Salis (Comites Grecia): le criticità nelle elezioni dei Comites rendono la democrazia quasi invisibile

ATENE\ aise\ - “Ogni volta che si avvicinano le elezioni dei Comites, emerge sempre la stessa domanda: quanti italiani all’estero sanno davvero come si vota? La risposta è semplice e allo stesso tempo preoccupante: pochissimi”. A dirlo è Costantino Salis, Presidente del Comites Grecia che in una riflessione sulle elezioni per il rinnovo dei Comitati italiani nel mondo ha spiegato come questo sistema presenti diverse criticità. Criticità che spostano la battaglia elettorale nel solo cercare di raggiungere gli elettori, non convincerli attraverso idee e progetti, il che favorirebbe, a suo modo di vedere, dinamiche ristrette e poco rappresentative, rendendo di fatto la democrazia quasi “invisibile”.

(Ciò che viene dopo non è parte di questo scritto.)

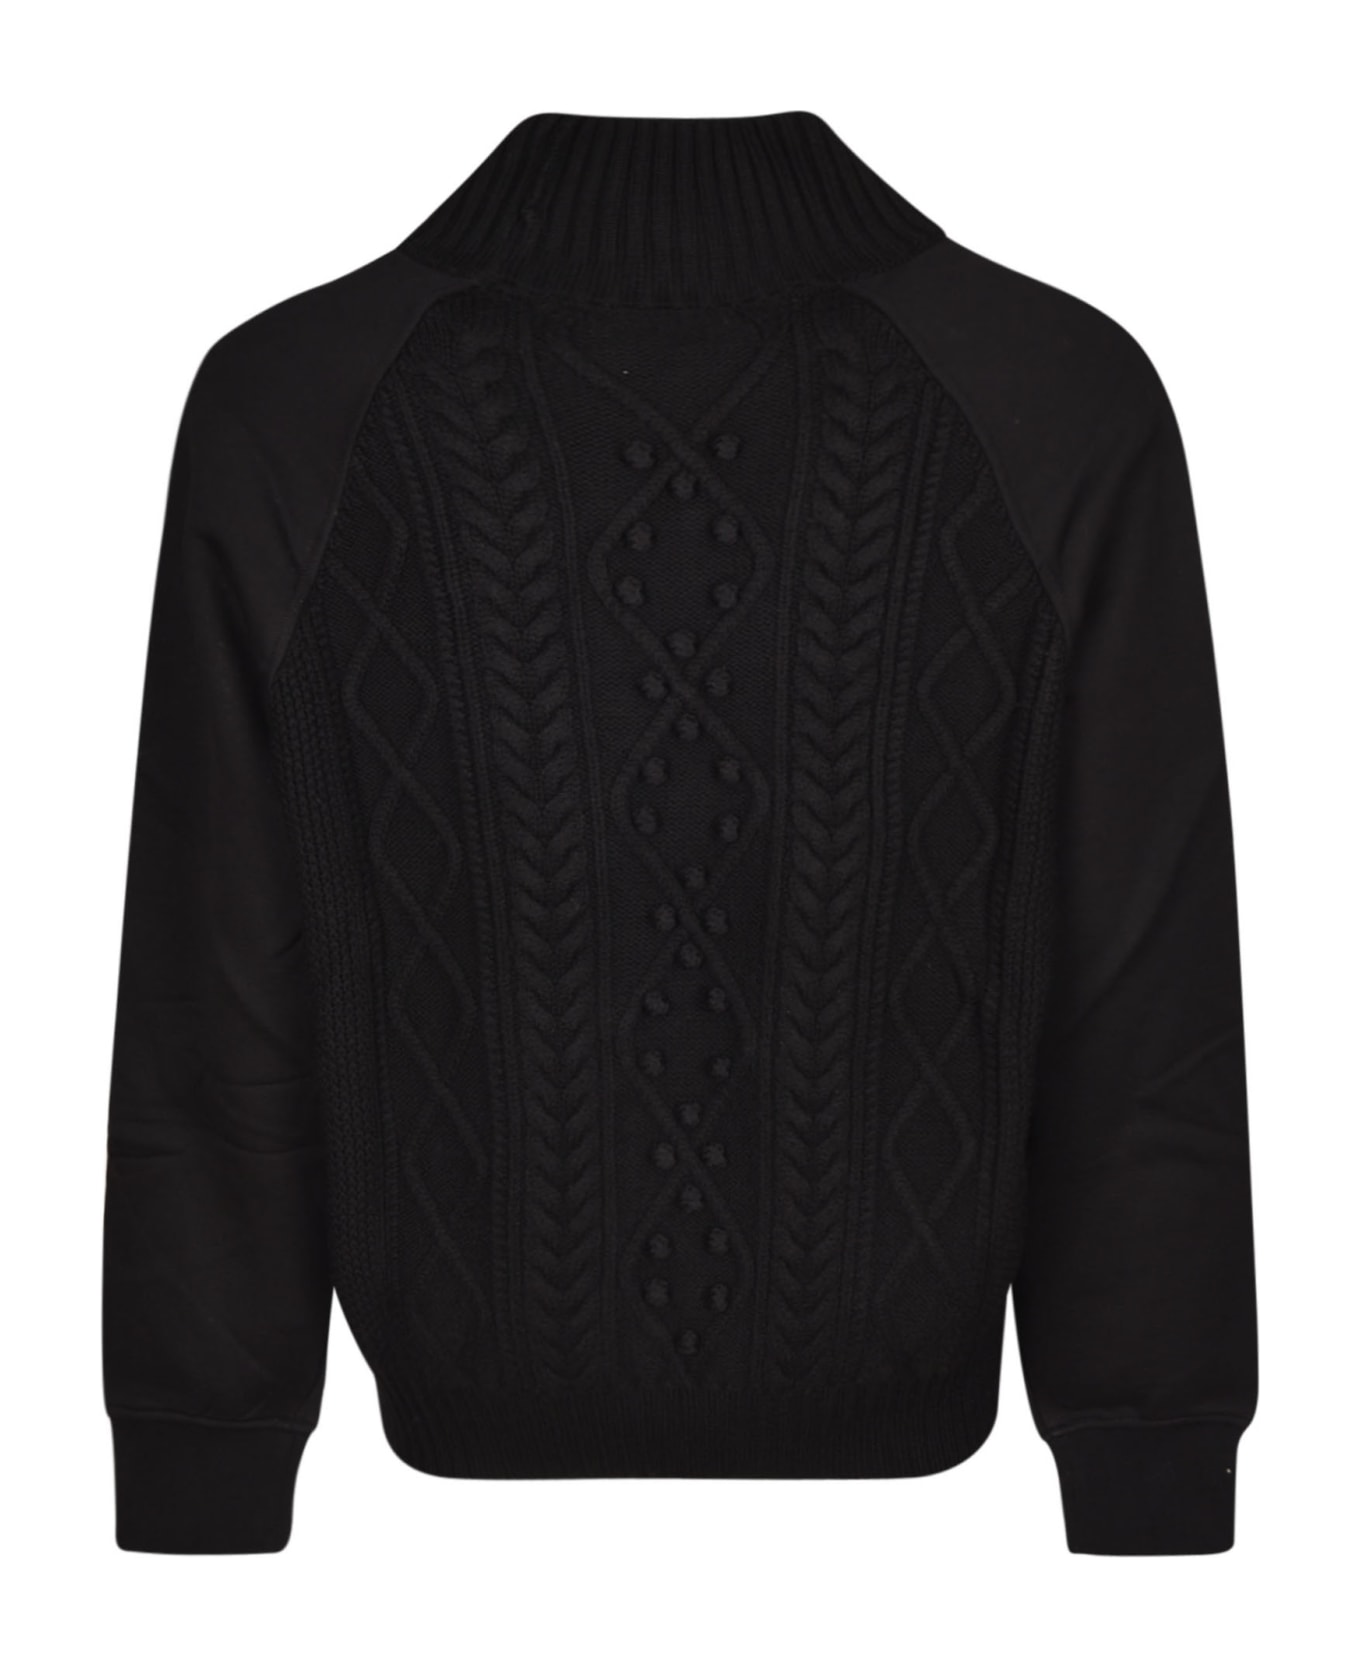 Neil Barrett Hybrid Cable Knit High Neck Sweater - Black ニットウェア

“In Grecia, come in molti altri Paesi, migliaia di cittadini italiani iscritti all’AIRE ignorano completamente che, per poter partecipare alle elezioni del Comites, non basta essere elettori. È necessario dichiarare preventivamente la propria volontà di voto entro una precisa scadenza. Il problema è che questa informazione, nella pratica, raggiunge solo una minima parte degli aventi diritto”, ha spiegato. “L’Ambasciata pubblica un avviso generale sul proprio sito istituzionale, ma non esiste una vera campagna di comunicazione capillare, diretta e personale verso gli elettori. Nessuna lettera, nessuna comunicazione individuale realmente efficace, nessuna strategia concreta per garantire una partecipazione ampia e democratica. Il risultato è sotto gli occhi di tutti: elezioni decise da una percentuale minima di votanti”.
Facendo l’esempio della Grecia, nella precedente tornata elettorale per il rinnovo del Comites, su circa 14.000 italiani iscritti all’AIRE hanno votato meno di 300 persone. “Un dato che dovrebbe far riflettere profondamente chiunque abbia a cuore la rappresentanza degli italiani all’estero”.

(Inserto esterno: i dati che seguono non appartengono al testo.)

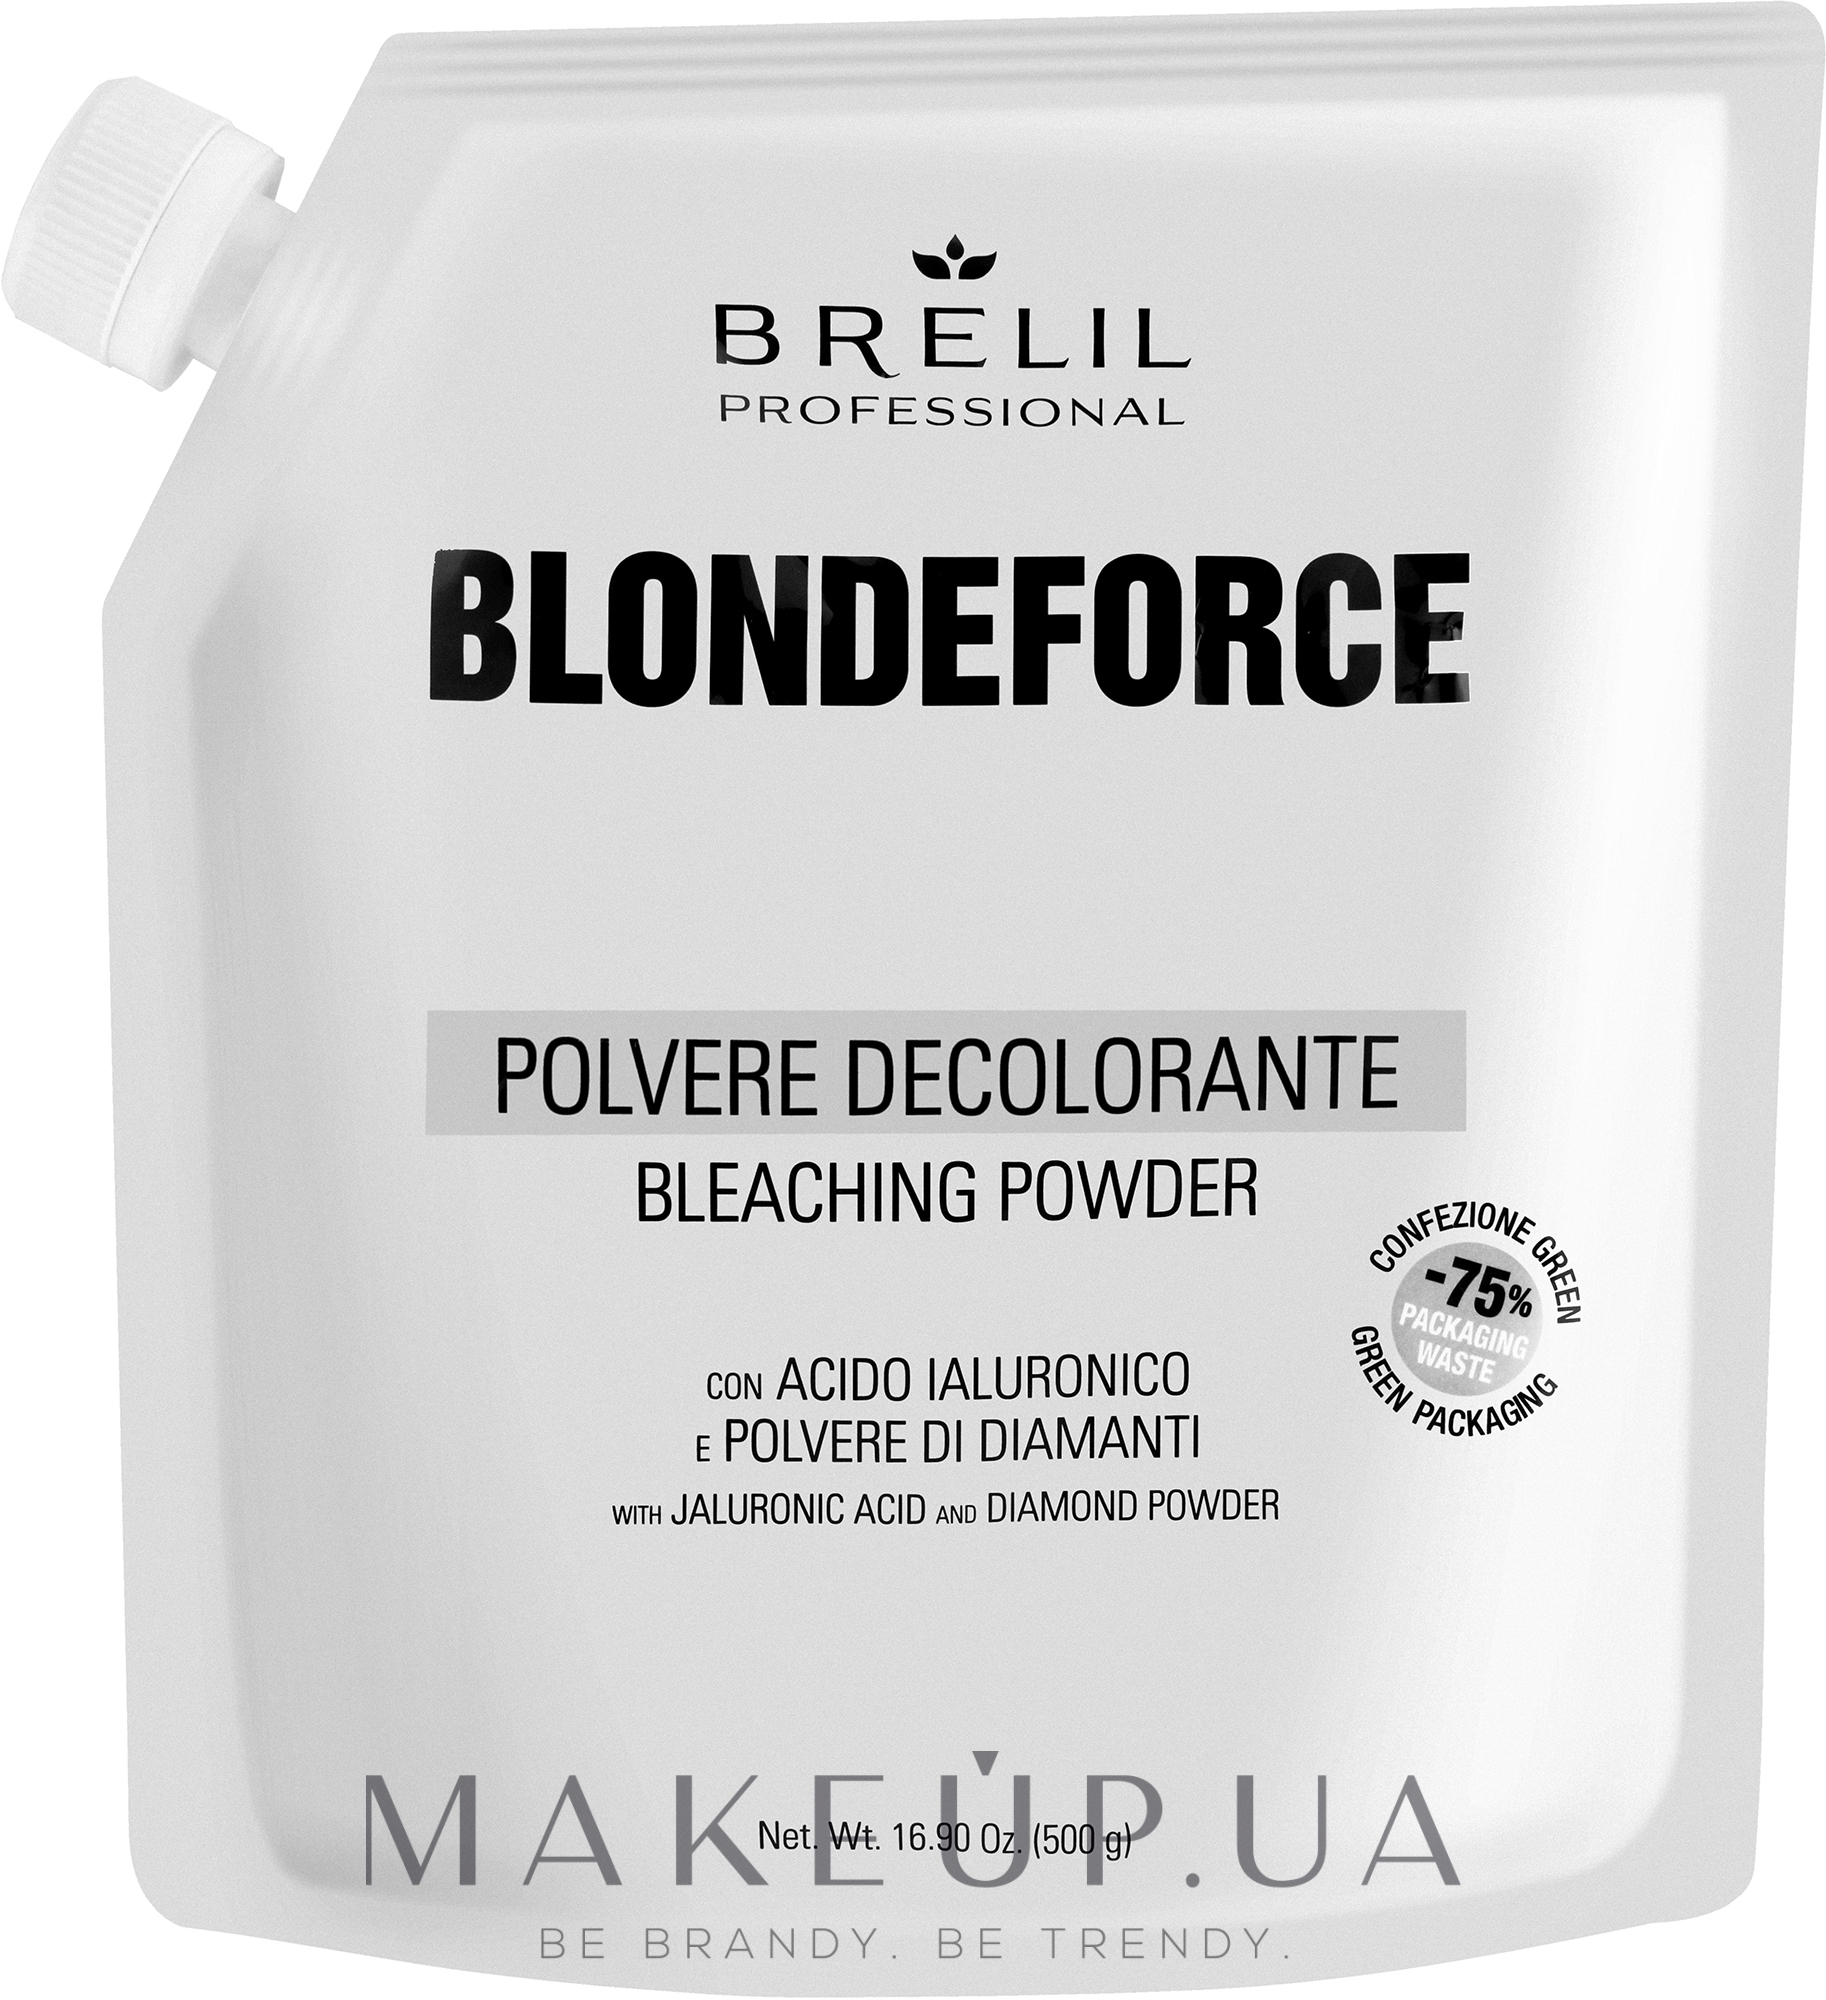 Освітлювальна пудра для волосся - Brelil Blondeforce BF1 Polvere Decolorante Bleaching Powder — фото 500g

In questo sistema, il rischio a suo parere è evidente: “non sempre prevale chi rappresenta davvero la maggioranza della comunità italiana, ma chi riesce semplicemente a mobilitare un numero ristretto di elettori già informati o già inseriti in reti organizzate di contatti personali. Di fatto, il vero “campo di battaglia” non è il confronto delle idee, dei programmi o dei risultati concreti, ma la capacità di raggiungere personalmente gli elettori e convincerli a registrarsi in tempo per poter votare”.
Per questo, Salis si è domandato della legittimità di questo modello che non garantirebbe davvero “una partecipazione democratica ampia e trasparente”, favorendo, “involontariamente”, “dinamiche ristrette e poco rappresentative”.
Per queste ragioni, per il Presidente del Comites Grecia “senza un’informazione diretta, chiara e realmente accessibile a tutti gli iscritti AIRE, il rischio concreto è che migliaia di cittadini restino esclusi da una scelta che li riguarda direttamente”. “Le criticità relative alle modalità di comunicazione agli elettori AIRE e alla bassissima partecipazione elettorale saranno inoltre portate formalmente all’attenzione dell’Ambasciata d’Italia e del Ministero degli Affari Esteri e della Cooperazione Internazionale, affinché si apra finalmente una riflessione seria sulla reale accessibilità democratica delle elezioni dei Comites”.
“Una democrazia che non informa adeguatamente i propri elettori – ha chiosato - è una democrazia che rischia di diventare invisibile”. (aise)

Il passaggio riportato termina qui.